*YOUR TASK*. Print every line of the listing below, starting with the line that holds "Bunte Jelly-Shots (Agar-Agar, Fruchtsirup" and going on through the line that holds "WW.II 日本海軍 伝声管", both included, and print nothing else.

*SOURCE INFORMATION*.
══════════════════════════════
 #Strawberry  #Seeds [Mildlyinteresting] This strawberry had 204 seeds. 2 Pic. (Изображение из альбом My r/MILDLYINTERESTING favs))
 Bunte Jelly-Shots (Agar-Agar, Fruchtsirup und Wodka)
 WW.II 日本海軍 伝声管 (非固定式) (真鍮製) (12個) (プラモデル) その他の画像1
══════════════════════════════
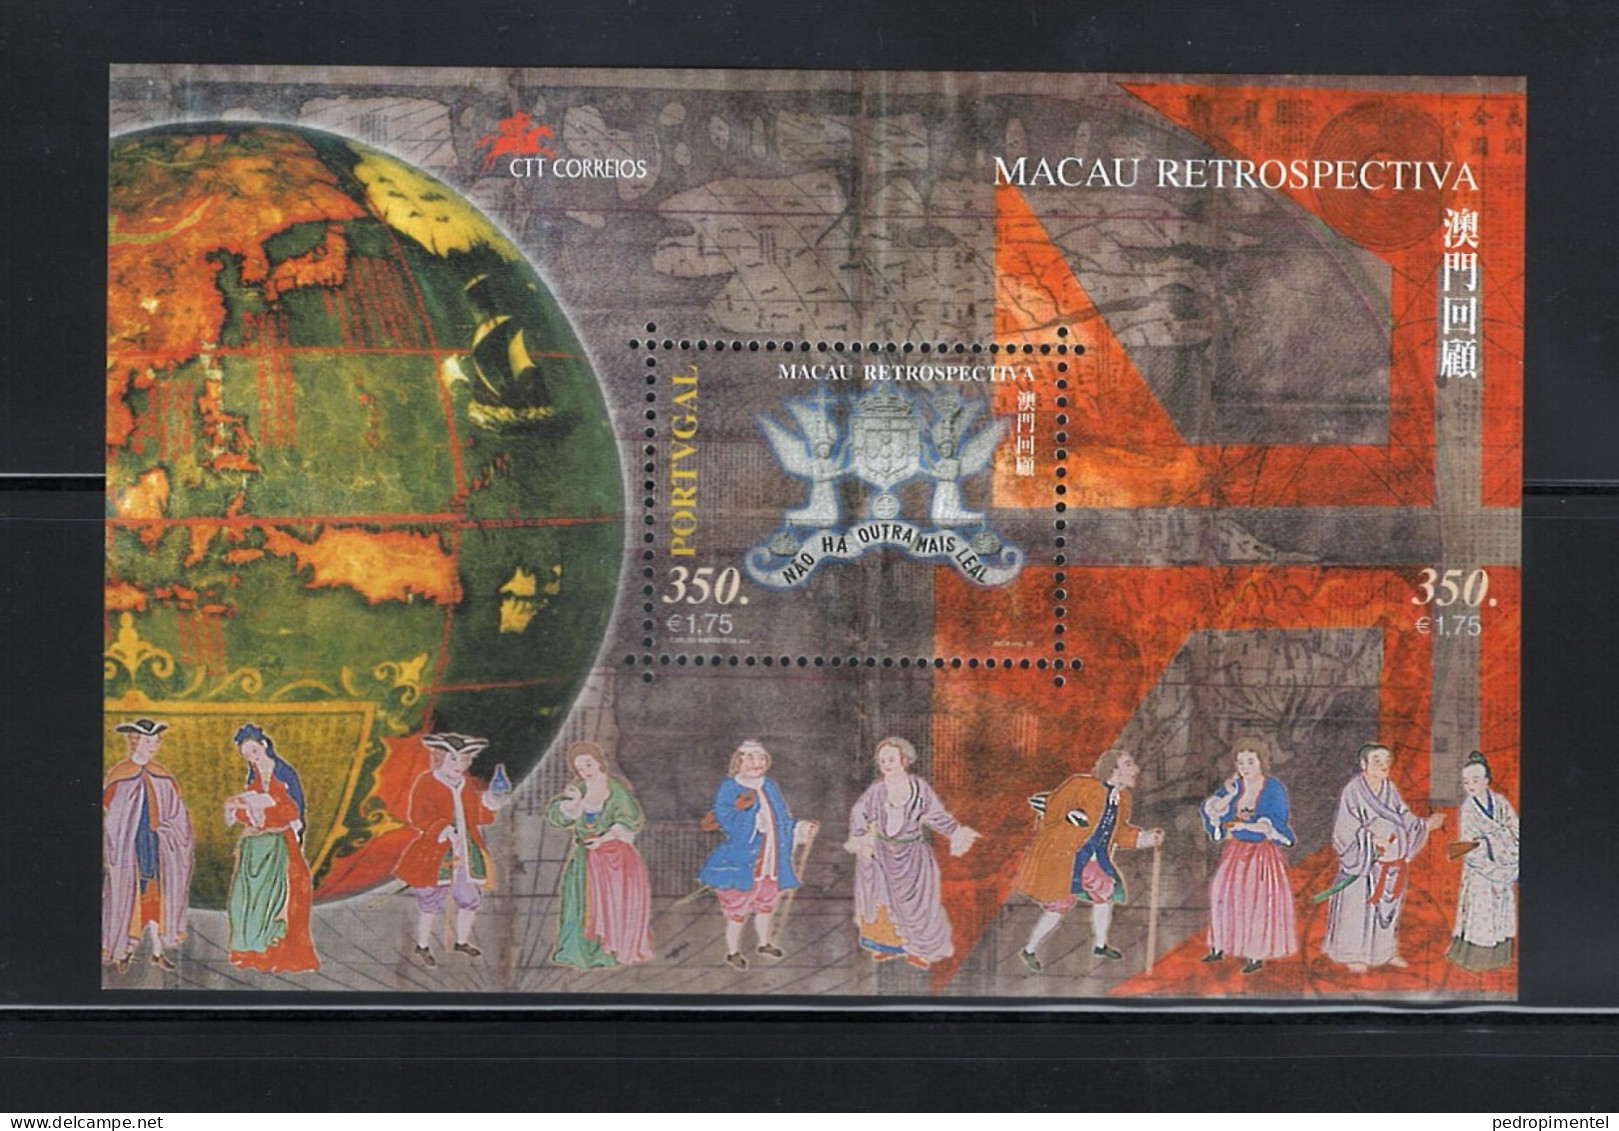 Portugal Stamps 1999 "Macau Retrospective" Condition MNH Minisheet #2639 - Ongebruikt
══════════════════════════════
*EXERCISE OUTPUT*.
 Bunte Jelly-Shots (Agar-Agar, Fruchtsirup und Wodka)
 WW.II 日本海軍 伝声管 (非固定式) (真鍮製) (12個) (プラモデル) その他の画像1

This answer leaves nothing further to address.